For files missing summary information, the compact command in the shell has a
--sf-no-summary
option. This options compacts files that do not have the
summary information configured for the table. The compact command also has the
--sf-extra-summary
option which will compact files with extra summary
information.
Configuring
The following tablet server and table properties configure summarization.
- tserver.cache.summary.size
- tserver.summary.partition.threads
- tserver.summary.remote.threads
- tserver.summary.retrieval.threads
- table.summarizer.*)
- table.file.summary.maxSize
Permissions
Because summary data may be derived from sensitive data, requesting summary data
requires a special permission. Users must have the table permission
GET_SUMMARIES
in order to retrieve summary data.
Bulk import
When generating RFiles to bulk import into Accumulo, those RFiles can contain
summary data. To use this feature, look at the javadoc of summarizers()
in the configure()
method
of AccumuloFileOutputFormat. Also, the RFile
class has options for creating RFiles with embedded summary data.
Examples
This example walks through using summarizers in the Accumulo shell. Below, a table is created and some data is inserted to summarize.
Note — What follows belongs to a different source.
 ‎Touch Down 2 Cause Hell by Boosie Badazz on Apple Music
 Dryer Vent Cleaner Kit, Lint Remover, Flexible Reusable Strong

root@uno> createtable summary_test
root@uno summary_test> setauths -u root -s PI,GEO,TIME
root@uno summary_test> insert 3b503bd name last Doe
root@uno summary_test> insert 3b503bd name first John
root@uno summary_test> insert 3b503bd contact address "123 Park Ave, NY, NY" -l PI&GEO
root@uno summary_test> insert 3b503bd date birth "1/11/1942" -l PI&TIME
root@uno summary_test> insert 3b503bd date married "5/11/1962" -l PI&TIME
root@uno summary_test> insert 3b503bd contact home_phone 1-123-456-7890 -l PI
root@uno summary_test> insert d5d18dd contact address "50 Lake Shore Dr, Chicago, IL" -l PI&GEO
root@uno summary_test> insert d5d18dd name first Jane
root@uno summary_test> insert d5d18dd name last Doe
root@uno summary_test> insert d5d18dd date birth 8/15/1969 -l PI&TIME
root@uno summary_test> scan -s PI,GEO,TIME
3b503bd contact:address [PI&GEO] 123 Park Ave, NY, NY
3b503bd contact:home_phone [PI] 1-123-456-7890
3b503bd date:birth [PI&TIME] 1/11/1942
3b503bd date:married [PI&TIME] 5/11/1962
3b503bd name:first [] John
3b503bd name:last [] Doe
d5d18dd contact:address [PI&GEO] 50 Lake Shore Dr, Chicago, IL
d5d18dd date:birth [PI&TIME] 8/15/1969
d5d18dd name:first [] Jane
d5d18dd name:last [] Doe
After inserting the data, summaries are requested below. No summaries are returned.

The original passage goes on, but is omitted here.